Database instance isolation for tenant
The diagram shows the implementation tenant databases for instance isolation. Today it is probably the best solution combining safety and reliability. There is also AWS IAM, and audit from AWS CloudTrail, and complete isolation tenant.
Pros:
- AWS IAM provides both authentication and authorization;
- There is a full audit;
- Clear distribution of resources between tenant.
Minuses:
- DB and instance isolation among tenant – it is expensive.
How access of applications to multitenant data is implemented
Ensuring that applications have the correct access to data is more important than storing data in a tenant model that meets business requirements. It is not difficult if you use AWS IAM for access control (see examples above). Applications that provide data access for tenant can also use AWS IAM. This can be seen with an example. Amazon ex.

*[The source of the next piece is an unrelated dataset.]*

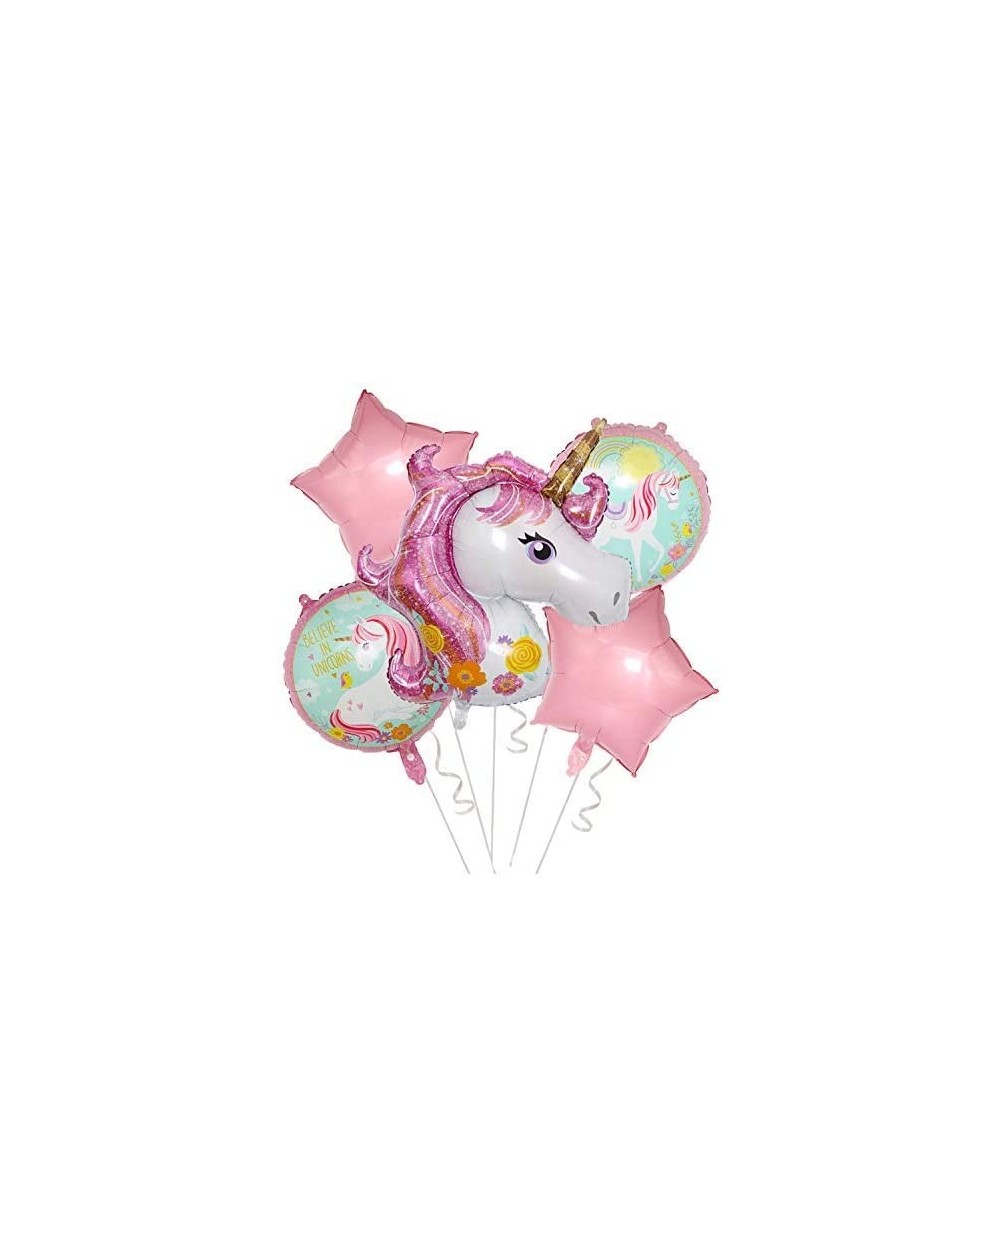 Balloons Magical Unicorn Bouquet of Balloons- Unicorn Party Decorations Party Supplies Pink Balloons - Unicorn Theme Party Pa...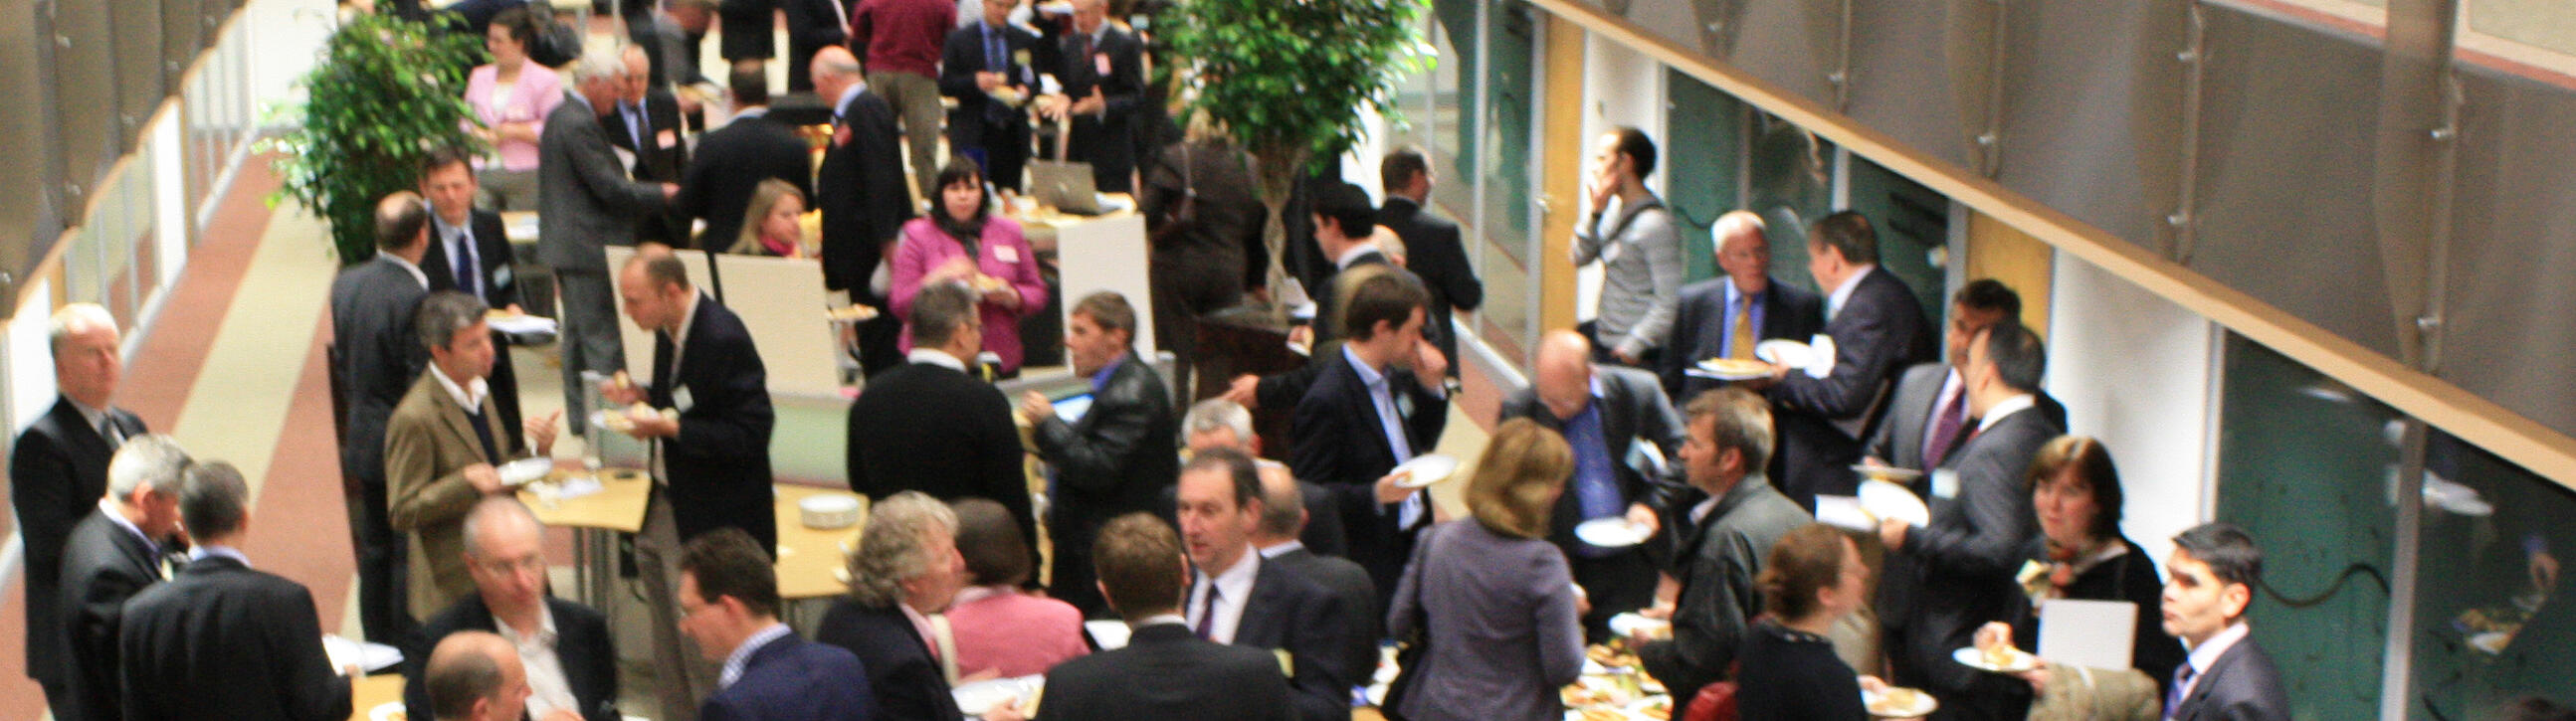 networking_events_carrwood

To provide access to Iam at the level pod in Experfect OpenID Connect (OIDC), along with account annotations Kubernetes. The result will be an exchange Jwt from STS, which will create temporary application access to the necessary cloud resources. With this approach, there is no need to introduce advanced permissions for basic work nodes Amazon ex. Instead, you can only configure permissions. Iam for an account associated with pod. This is done based on the actual permissions of the application, which works as part of pod. As a result, we get full control of application permissions and pod.
Integration Iam supports a comprehensive authorization system for access tenant to data warehouses. In this case, access to the database is controlled only through authentication, which means that you need to enter another level of security.
Amazon EKS accesses AWS DynamoDB multitenant database
Take a closer look at multitenant access as an application running on Amazon exgets access to multitenant database Amazon DynamoDB. In many cases multitenant processes in Amazon DynamoDB implement at the table level (in the ratio of tables and tenant 1: 1). As an example, consider the principle AWS IAM (aws-dynamodb-tenant1-policy), which perfectly illustrates the access pattern, where all the data is associated with Tenant1.
{
...
"Statement": [
{
"Sid": "Tenant1",
"Effect": "Allow",
"Action": "dynamodb:*",
"Resource": "arn:aws:dynamodb:${region}-${account_id}:table/Tenant1"
}
]
}
The next step is to associate this role with the cluster account. Exwhich uses Openid.
eksctl utils associate-iam-oidc-provider
--name my-cluster
--approve
--region ${region}
eksctl create iamserviceaccount
--name tenant1-service-account
--cluster my-cluster
--attach-policy-arn arn:aws:iam::xxxx:policy/aws-dynamodb-tenant1-policy
--approve
--region ${region}
Definition podcontaining the necessary specification serviceAccountNamewill help use the new service account tenant1-service-account.
apiVersion: v1
kind: Pod
metadata:
name: my-pod
spec:
serviceAccountName: tenant1-service-account
containers:
- name: tenant1
…
Although the account and policy Iam tenant oriented, static and controlled with tools such as Terraform and Ansiblespecification pod can be configured dynamically. If you use a template generator, for example, Helm, serviceAccountName can be set as a variable in the corresponding accounts tenant services. In the end, each tenant there will be its own dedicated deployment of the same application. In fact, each tenant There should be a dedicated namespace, where applications will be launched.
Conclusion
For Saas-services it is important to think over how data access will be carried out. Consider storage, encryption, performance, and management requirements. tenant. IN multitenant there is no one preferred way of sharing data. Performance advantage multitenant workloads on Aws is an AWS IAM, which can be used to simplify access control for tenant data. Besides, AWS IAM helps you configure application access to data in dynamic mode.
The described features and techniques that may come in handy have affected a bit of theory. But in special cases, it is always necessary to independently analyze the source information and create a personalized solution.